I was afraid some dude would come in and get me. I don’t even really know what the dude would do but I was so scared of him.


So I would sleep at friends houses. Or my parents house. Or BEG my friends to come sleep over at my house.


But when Brian started going away for weeks at a time this got really exhausting and I was like oh my god I need to just get over this.


So I would stay by myself. But I never really got unscared.


I would build pillow forts all around me. Check all the closets and the bathtub before I went to bed. I would have just the right amount of white noise on. Sometimes drink too much wine to fall asleep easier. Sneak Luna out of her bed and bring her into my bed so she could “protect” me.
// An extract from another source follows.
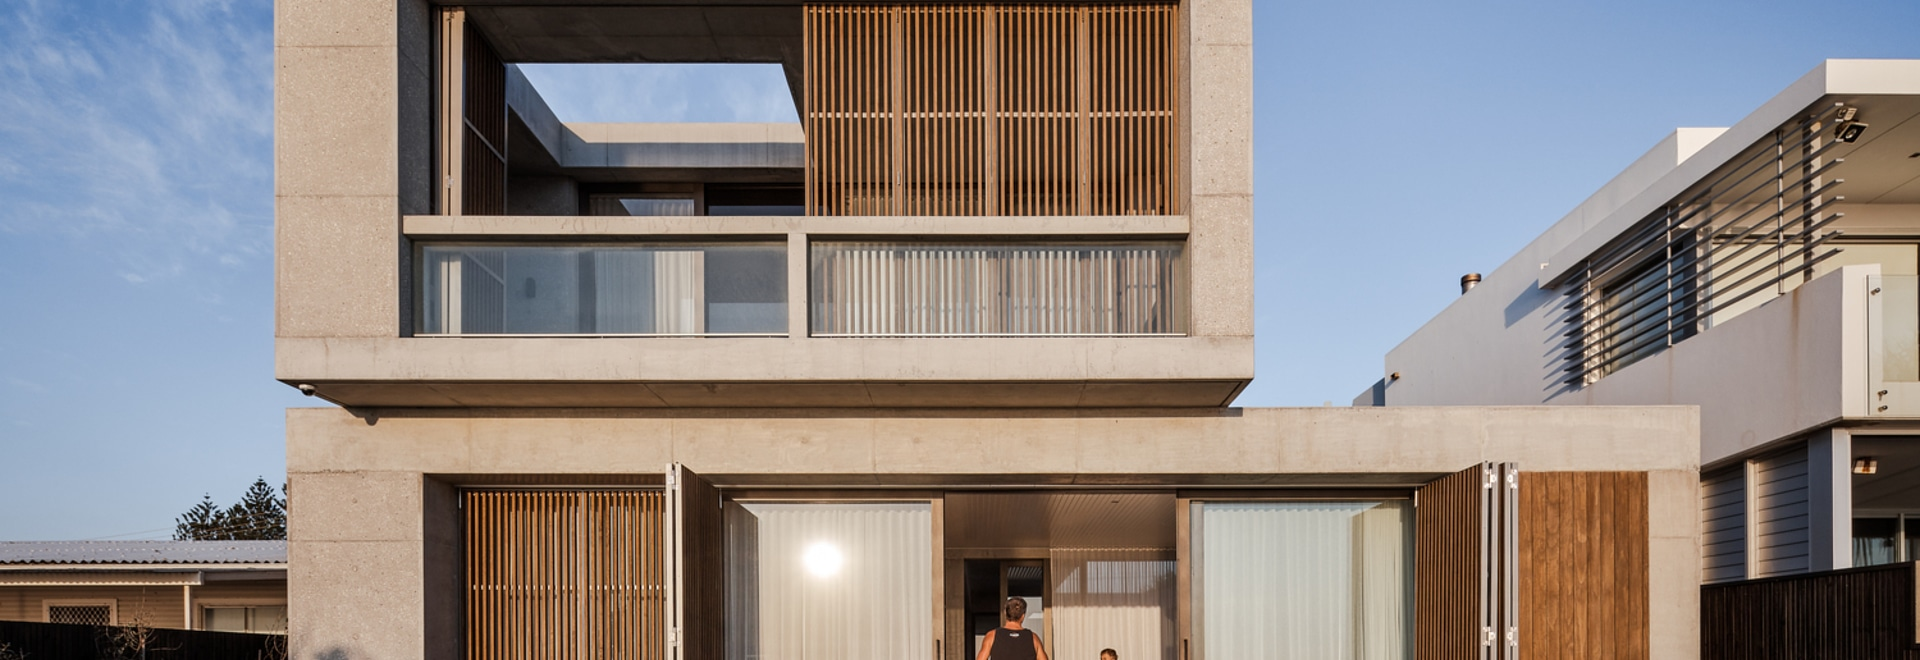 Mermaid Beach Residence / BE Architecture
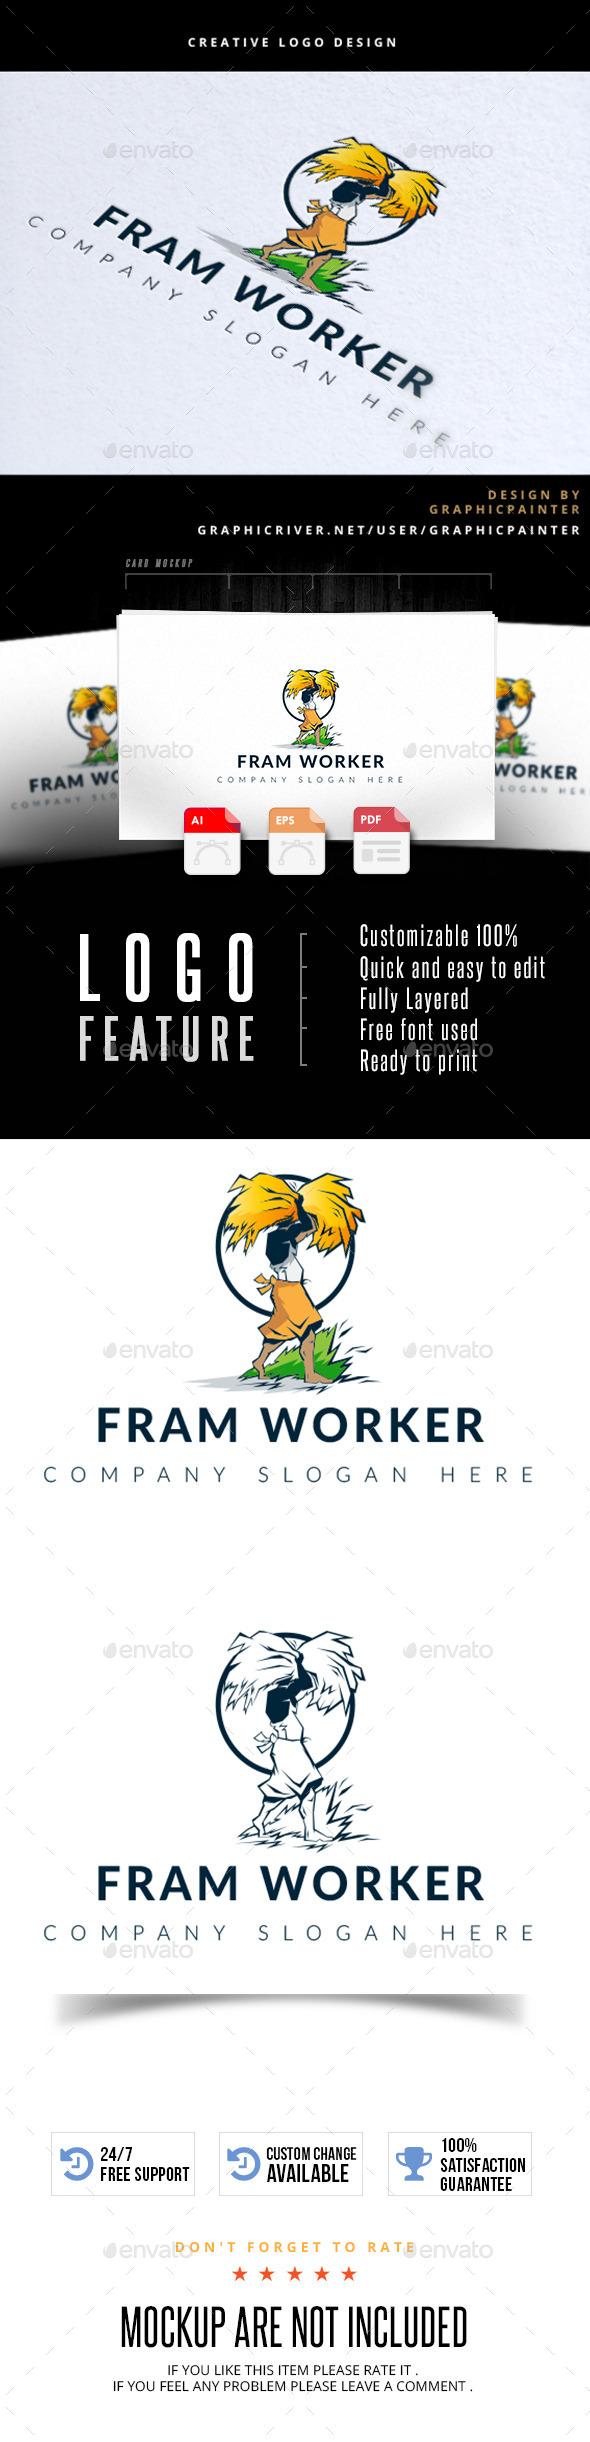 GraphicRiver Fram Worker 11817868

HA!


But I was still pretty scared that the dude was gonna get me.


I honestly just thought it was a fact that I was someone who was just scared when her husband when out of town. I literally thought I was just making an observation.


It wasn’t til one of my friends called me out (ps thank you bon bon) on this that I realized that this was a CHOICE!!!


I didn’t have to be scared. I didn’t have to do my silly routines. It was actually possible that I get a good night sleep and be relaxed when my husband traveled.


What I teach all day long is that our thoughts cause our feelings. And so my thought, which by the way all of our thoughts are choices, was “someone is going to come in and get me” which caused me to be super scared.


Ahhh Hah!!! So after really looking at it and journaling and talking it out I realized I really want to be calm and relaxed when my hubster is out of town.


So what could I think that I really believed that could lead to this feeling?


I am super safe. I have done all the things to be safe. The security system is on. The doors are locked. I chose to live in a very safe neighborhood. And you know what if someone comes and gets me -- which is suuuuper unlikely -- I will do my best to protect myself -- and if he gets me, then he gets me and we can deal with the outcome and it will all be okay.


And so that is what I think, by choice, on purpose, and it freaking works!


I am so calm and relaxed I am almost to the point of getting excited for him to go out of town so I get the whole bed to myself. ;)


It is so great to look and see what we are telling ourselves as fact and notice if there is room for a shift, a new choice, a new thought, so we can feel better more.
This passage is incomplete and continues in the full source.